Nori has established advanced fellowship training programmes for Indian doctors who, after attending them at the Memorial Sloan-Kettering Cancer Center and Cornell University, return to India to set up cancer care programmes.

Such efforts have not gone unnoticed in the United States either: the American Cancer Society conferred on him its most prestigious “Tribute to Life” award while the Memorial Sloan-Kettering Cancer Center honoured him with the “Most Distinguished Physician Award”.

Other awards include the Excelsior Award from the Nargis Dutt Memorial Foundation in the United States, the Network of Indian Professionals in the US and the Most Distinguished Physician Award from American Association of Physicians from India (AAPI).

The list of accolades is long and “cannot be listed in a single page”, as one American cancer specialist put it.

Explaining why the treatment of cervical cancer is so important for India and other developing countries, Nori said it is the most common cancer among females today. Some 200 women reportedly die each day in India, though the truth is that this disease is not invincible; it is preventable and even curable if detected in time. It can be prevented by making certain lifestyle changes.

“My input has been to improve awareness and focus on prevention.
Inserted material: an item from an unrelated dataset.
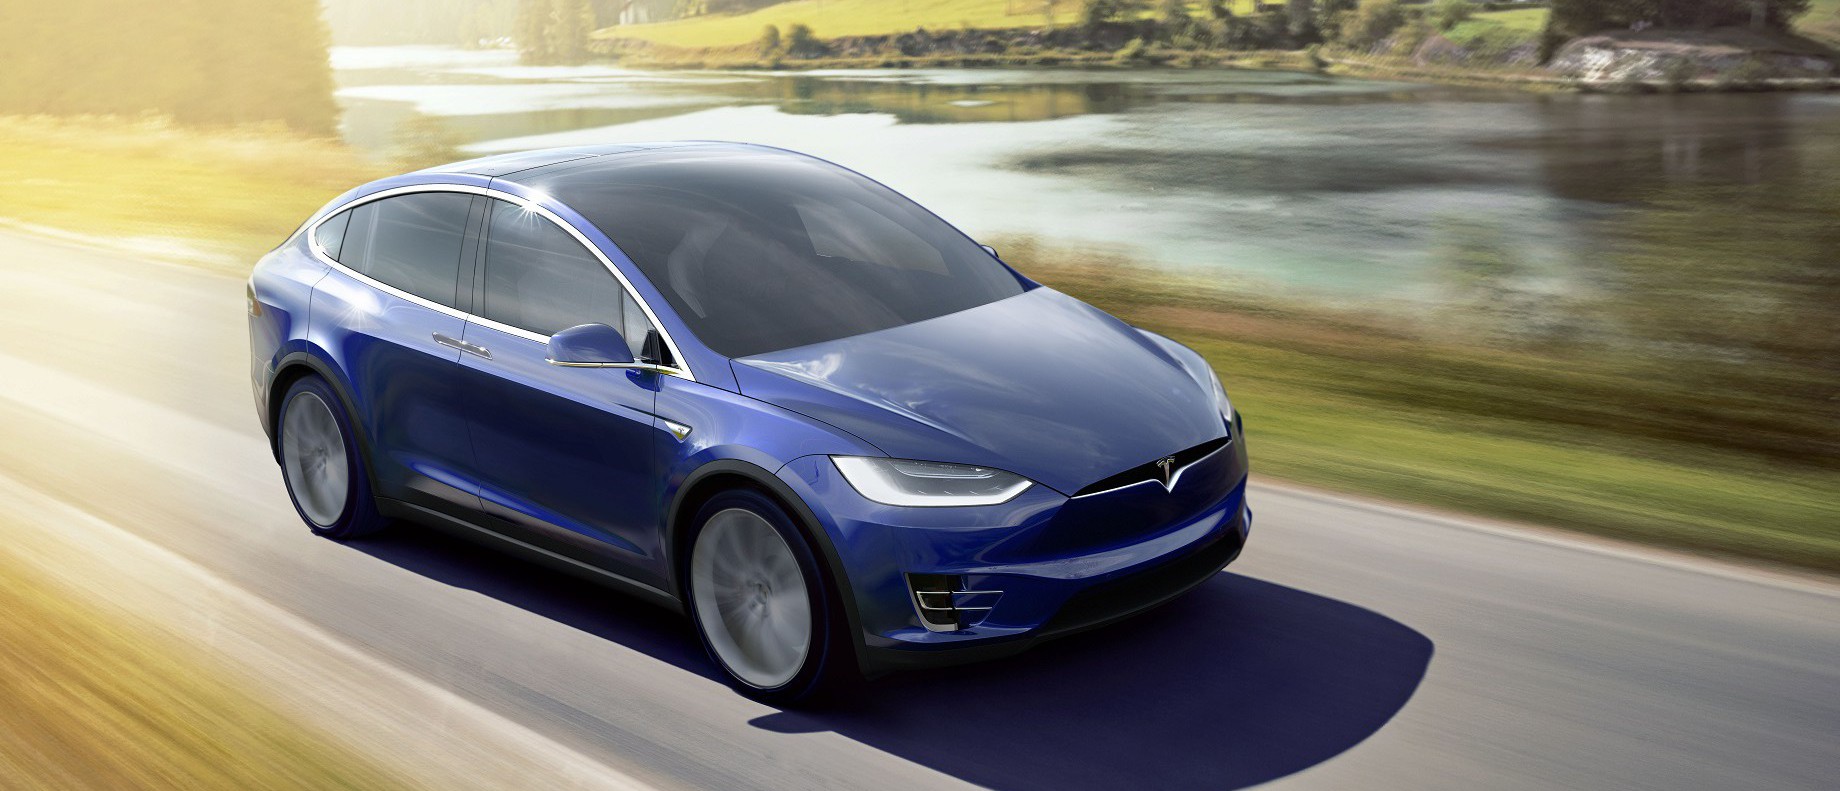 Tesla-model-x-blue-driving-2
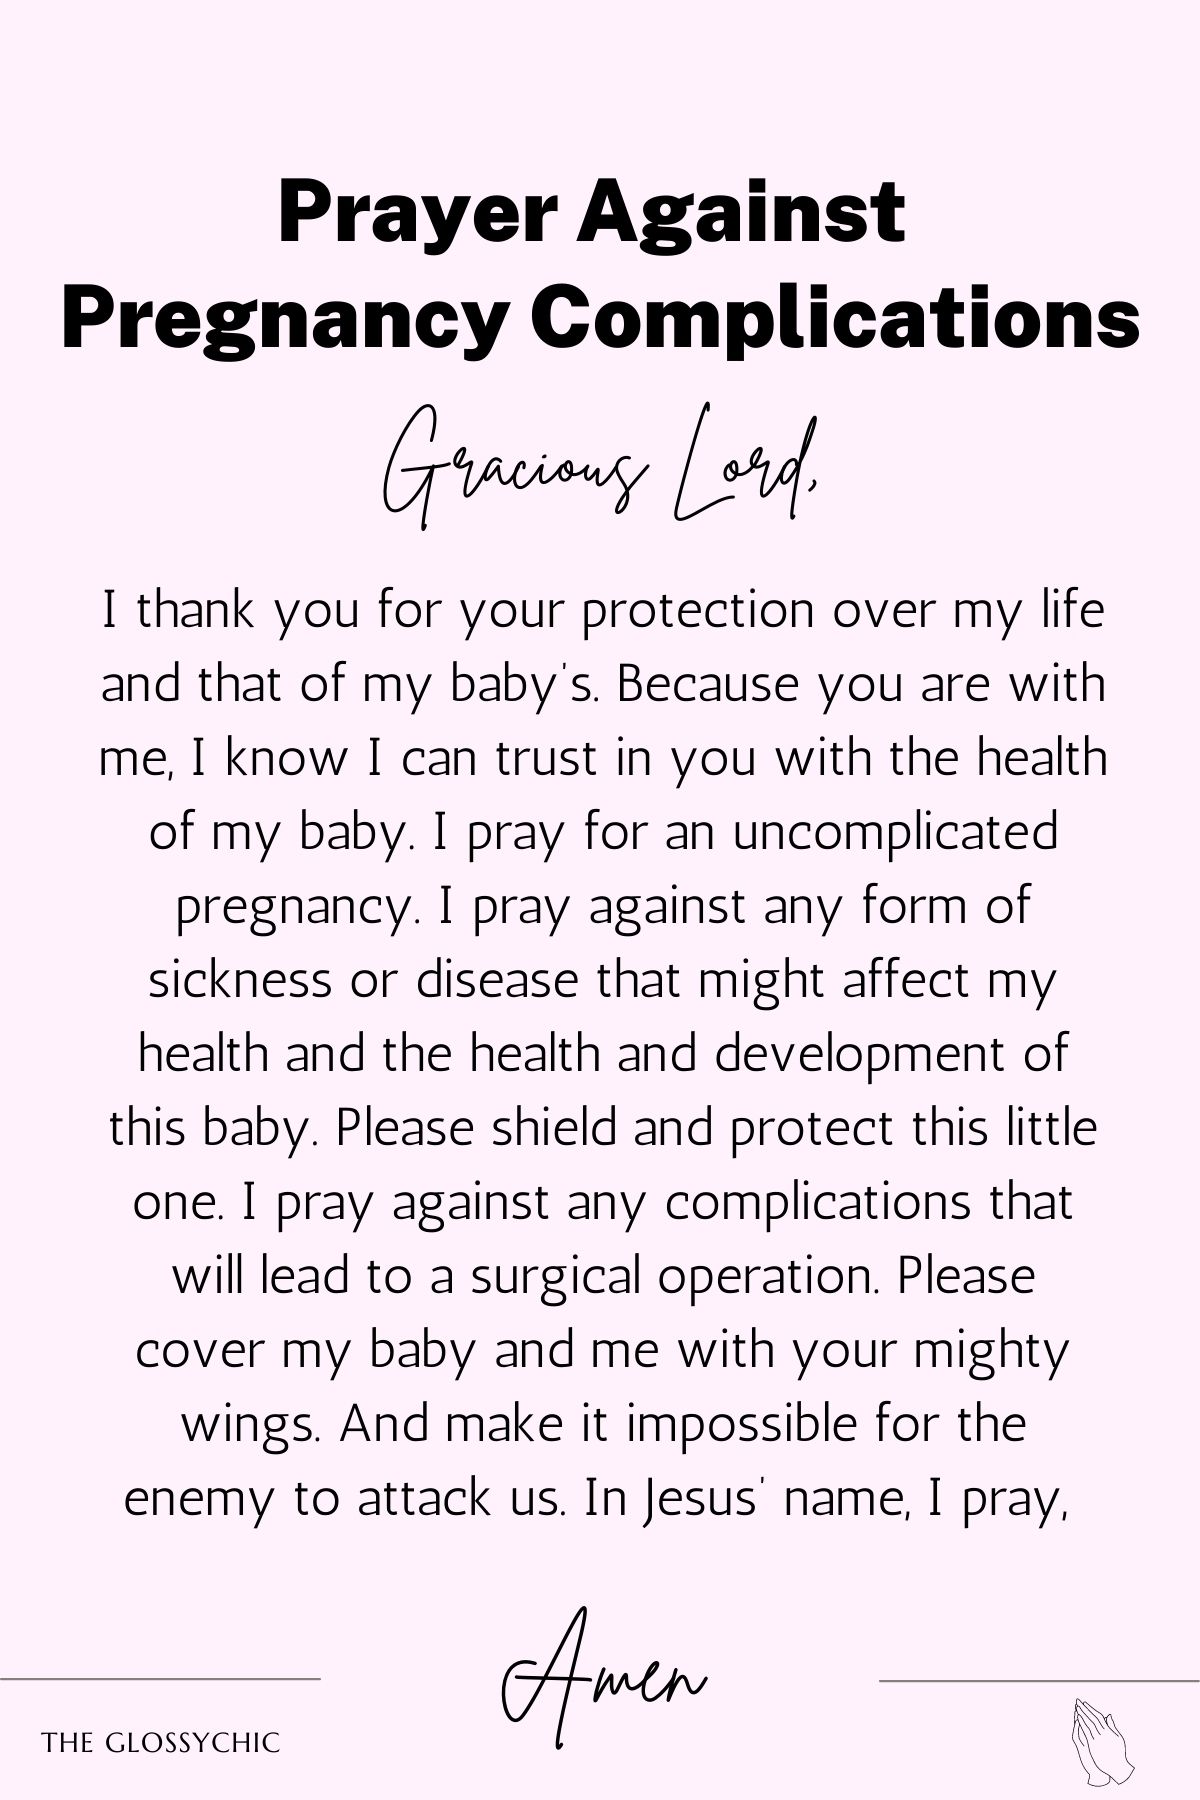 Prayer against pregnancy complications - prayer points for pregnant women

I have simplified treatment with radiation which can cure cervical cancer. This process is called remote-afterloading brachytherapy and was introduced in the 1970s in America. I have replicated this in India and other developing countries,” he said.

Under this therapy, the machine delivers radiation in a precise and safe manner, with the least chance of damaging normal tissue.

“When I moved here from India in the 1970s, the treatment of cervical cancer was aggressive and punitive in India. I wanted to come to the United States and develop new technology to make it safe, precise and effective, sparing the healthy tissues. I have my own network of hospitals in India. I have already started operations in collaboration with hospitals in several states,” Nori said.